[Saved entries]
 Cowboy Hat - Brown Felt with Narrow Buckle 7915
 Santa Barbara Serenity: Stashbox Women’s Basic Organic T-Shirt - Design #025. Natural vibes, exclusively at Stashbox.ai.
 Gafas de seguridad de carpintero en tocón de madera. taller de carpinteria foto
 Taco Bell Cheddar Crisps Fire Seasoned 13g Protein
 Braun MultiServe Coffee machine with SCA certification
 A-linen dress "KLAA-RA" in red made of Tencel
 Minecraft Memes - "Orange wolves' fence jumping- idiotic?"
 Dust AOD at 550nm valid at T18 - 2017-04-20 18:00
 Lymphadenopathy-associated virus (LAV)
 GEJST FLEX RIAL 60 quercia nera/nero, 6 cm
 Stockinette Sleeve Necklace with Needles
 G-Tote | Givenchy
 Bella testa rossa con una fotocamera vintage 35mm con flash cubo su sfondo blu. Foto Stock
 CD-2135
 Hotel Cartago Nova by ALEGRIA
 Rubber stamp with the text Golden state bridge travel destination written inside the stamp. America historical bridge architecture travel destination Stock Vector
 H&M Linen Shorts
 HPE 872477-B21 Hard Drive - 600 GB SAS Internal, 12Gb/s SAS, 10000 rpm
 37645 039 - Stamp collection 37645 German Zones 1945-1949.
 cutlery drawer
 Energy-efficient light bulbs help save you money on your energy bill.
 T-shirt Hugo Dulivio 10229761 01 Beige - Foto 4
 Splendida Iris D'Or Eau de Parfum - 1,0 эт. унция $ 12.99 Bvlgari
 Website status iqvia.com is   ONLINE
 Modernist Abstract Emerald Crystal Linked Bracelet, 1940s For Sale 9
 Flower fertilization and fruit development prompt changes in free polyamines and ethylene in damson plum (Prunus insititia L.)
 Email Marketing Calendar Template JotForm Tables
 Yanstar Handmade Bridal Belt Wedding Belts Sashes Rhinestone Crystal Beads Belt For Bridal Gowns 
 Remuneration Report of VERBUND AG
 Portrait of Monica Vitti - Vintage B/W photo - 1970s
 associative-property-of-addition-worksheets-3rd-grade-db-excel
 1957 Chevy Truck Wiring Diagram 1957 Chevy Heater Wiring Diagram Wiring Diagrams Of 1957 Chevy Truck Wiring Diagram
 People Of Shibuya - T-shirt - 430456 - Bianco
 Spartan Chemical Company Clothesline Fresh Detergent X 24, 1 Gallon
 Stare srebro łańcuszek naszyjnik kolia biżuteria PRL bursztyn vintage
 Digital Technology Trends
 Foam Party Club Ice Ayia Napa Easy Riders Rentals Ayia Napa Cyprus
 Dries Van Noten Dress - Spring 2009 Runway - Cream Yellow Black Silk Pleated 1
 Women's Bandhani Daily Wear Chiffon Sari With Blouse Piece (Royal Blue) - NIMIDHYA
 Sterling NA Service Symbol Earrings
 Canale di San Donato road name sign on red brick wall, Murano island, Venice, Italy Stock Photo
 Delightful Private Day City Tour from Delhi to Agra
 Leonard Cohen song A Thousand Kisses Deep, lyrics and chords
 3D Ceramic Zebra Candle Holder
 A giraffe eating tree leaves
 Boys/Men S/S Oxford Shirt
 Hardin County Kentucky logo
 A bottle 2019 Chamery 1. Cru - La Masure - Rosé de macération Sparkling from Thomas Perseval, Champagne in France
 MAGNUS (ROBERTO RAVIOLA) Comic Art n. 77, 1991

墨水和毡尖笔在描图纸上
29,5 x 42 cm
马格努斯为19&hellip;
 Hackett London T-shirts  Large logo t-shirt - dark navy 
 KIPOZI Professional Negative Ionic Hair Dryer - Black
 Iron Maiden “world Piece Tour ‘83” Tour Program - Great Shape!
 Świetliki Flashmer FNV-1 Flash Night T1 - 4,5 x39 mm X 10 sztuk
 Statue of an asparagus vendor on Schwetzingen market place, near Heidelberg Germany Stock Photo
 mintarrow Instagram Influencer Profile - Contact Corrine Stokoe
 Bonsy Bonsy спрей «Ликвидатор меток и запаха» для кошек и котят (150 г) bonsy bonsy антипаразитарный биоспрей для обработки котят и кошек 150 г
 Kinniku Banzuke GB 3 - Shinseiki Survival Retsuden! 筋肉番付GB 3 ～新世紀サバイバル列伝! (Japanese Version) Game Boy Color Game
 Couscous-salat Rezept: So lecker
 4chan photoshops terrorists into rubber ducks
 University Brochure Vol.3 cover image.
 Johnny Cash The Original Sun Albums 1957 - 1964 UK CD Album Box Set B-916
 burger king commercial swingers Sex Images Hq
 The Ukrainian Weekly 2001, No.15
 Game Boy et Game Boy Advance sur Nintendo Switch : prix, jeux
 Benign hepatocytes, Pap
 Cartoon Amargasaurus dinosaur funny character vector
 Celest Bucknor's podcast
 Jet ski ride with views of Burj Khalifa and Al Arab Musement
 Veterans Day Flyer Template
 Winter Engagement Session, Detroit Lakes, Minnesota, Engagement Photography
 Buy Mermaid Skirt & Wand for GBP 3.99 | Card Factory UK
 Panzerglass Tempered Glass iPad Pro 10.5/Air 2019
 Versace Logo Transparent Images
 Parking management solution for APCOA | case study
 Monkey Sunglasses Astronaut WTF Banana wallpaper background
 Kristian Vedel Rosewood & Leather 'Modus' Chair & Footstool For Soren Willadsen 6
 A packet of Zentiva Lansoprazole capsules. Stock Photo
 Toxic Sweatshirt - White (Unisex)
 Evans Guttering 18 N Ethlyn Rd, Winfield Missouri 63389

_PROBLEM TO SOLVE_
Output the lines above exactly, but only those between the line holding "T-shirt Hugo Dulivio" and the line holding "associative-property-of-addition-worksheets-3rd-grade-db-excel", inclusive.

_THE ANSWER_
 T-shirt Hugo Dulivio 10229761 01 Beige - Foto 4
 Splendida Iris D'Or Eau de Parfum - 1,0 эт. унция $ 12.99 Bvlgari
 Website status iqvia.com is   ONLINE
 Modernist Abstract Emerald Crystal Linked Bracelet, 1940s For Sale 9
 Flower fertilization and fruit development prompt changes in free polyamines and ethylene in damson plum (Prunus insititia L.)
 Email Marketing Calendar Template JotForm Tables
 Yanstar Handmade Bridal Belt Wedding Belts Sashes Rhinestone Crystal Beads Belt For Bridal Gowns 
 Remuneration Report of VERBUND AG
 Portrait of Monica Vitti - Vintage B/W photo - 1970s
 associative-property-of-addition-worksheets-3rd-grade-db-excel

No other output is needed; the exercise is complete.